Doxa is a old company name and its roots go back to 1889, but the name is now in use by a new company - no bad thing but worth knowing I guess. The original dive watches held patents that were shared with Rolex for the HRV (Rolex use it in their SD) and had an orange dial (its easier to see underwater). These watches were made famous in Clive Cusslers books and worn by his main character - Dirk Pitt. FWIW the modern film Sahara is based on one of these books... and we get gratuitious Doxa shots in it...









Doxa make dress and divers watches but im only talking Divers here. Doxa reissued their old divers range with the Sub300T with and Orange dial and also a black dial. The orange dial is called a 'Professional' and the black dial is called a 'Sharkhunter' - fwiw the original 300 sharkhunter appeared in film on Robert Redfords wrist in 3 days of the condor.

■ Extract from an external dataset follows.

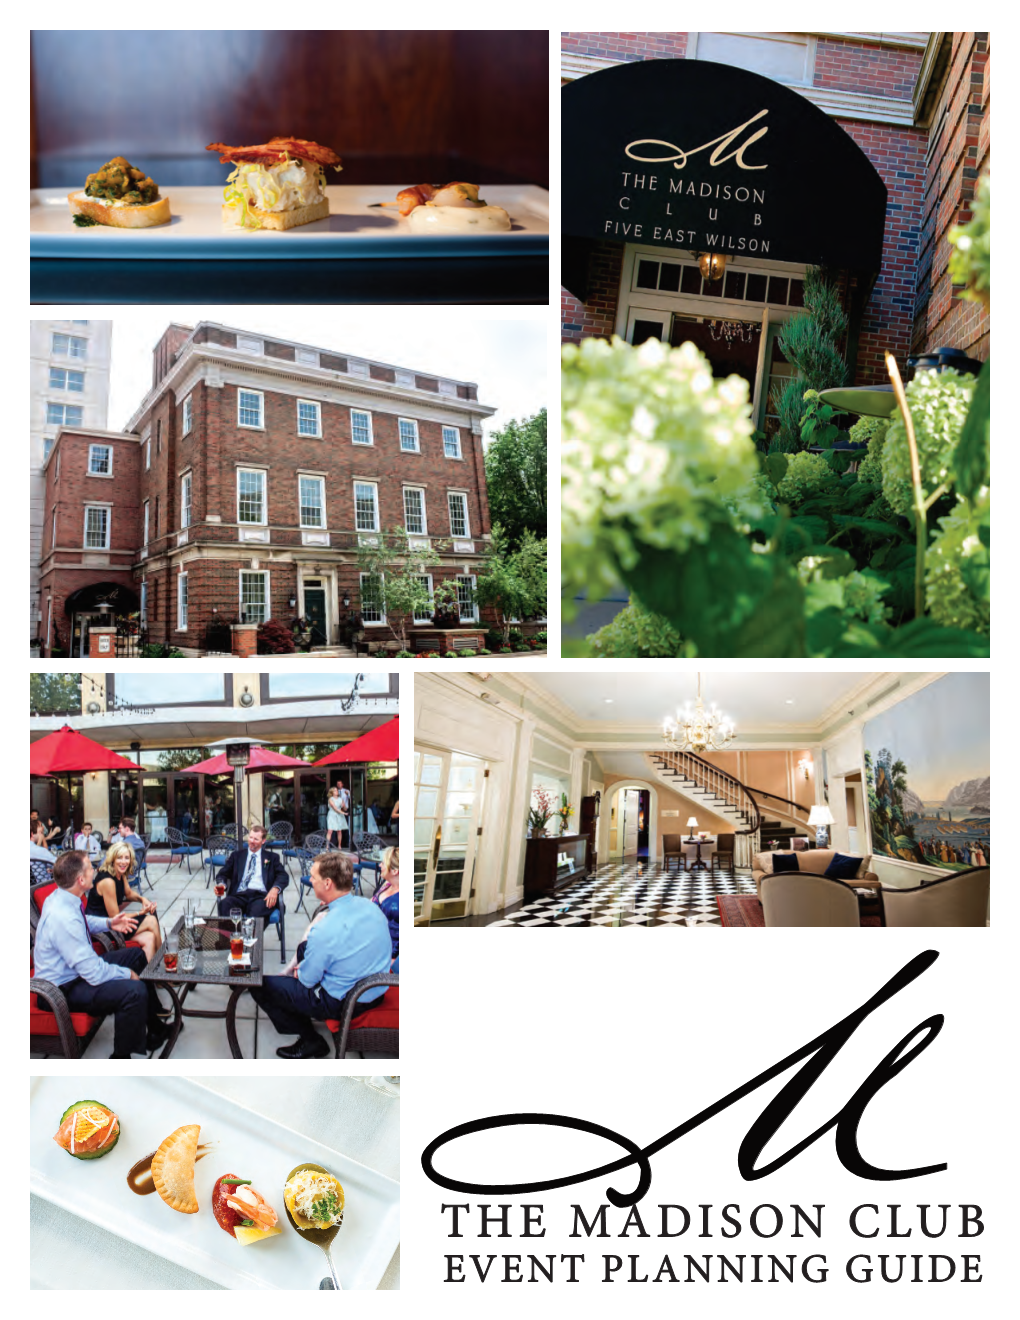 THE MADISON CLUB EVENTM PLANNING GUIDE Our Commitment to You

So... Doxa reissued the Sub300T which was their most famous model. Although not much of it looked like the older model - mostly due to cost AFAIK. These were very limited in production and are worth a fair bit... especially the Sharkhunter model which is very rare indeed (In think onely 100 were made).

They then issued the Sub250T which used a case shared with Zeno and NOS original Doxa movts. These were in an edition of something like 500 and were cheap (less than half the price of a 300 or 600) and are now starting to appreciate as they were the cheapest in the range and thus the most attainable. AFAIK this was only availble in Sharkhunter form, leaving Zeno open to make their unlimited orange dial version.

Next up Doxa made the Sub600T which finally had the right hands, dial and case. It was in an edition of 3000 in Profesional and 3000 in Sharkhunter Clive Cussler edtions all with the ETA 2824 movt. Also they made a Divingstar edition which had a yellow dial. These are much more limited and hence rarer.

When all the 600s were almost gone Doxa made a new Sub750 Carribean which had a bluey purple dial in the new 750 case size. They then introduced the Professional in Clive Cussler and Dirk Pitt (Sahara) editions, the sharkhunter and also mode a low volume of Divingstars. They now also offer a silver dial and PVD cased version with a black dial.

During the 750s run Doxa brought out the Sub600T-Graph which is a Chronograph based on the new ETA chorno movt and the same case size as the 750, but deeper. Its a 600 tho as its only good for diving to 600meters...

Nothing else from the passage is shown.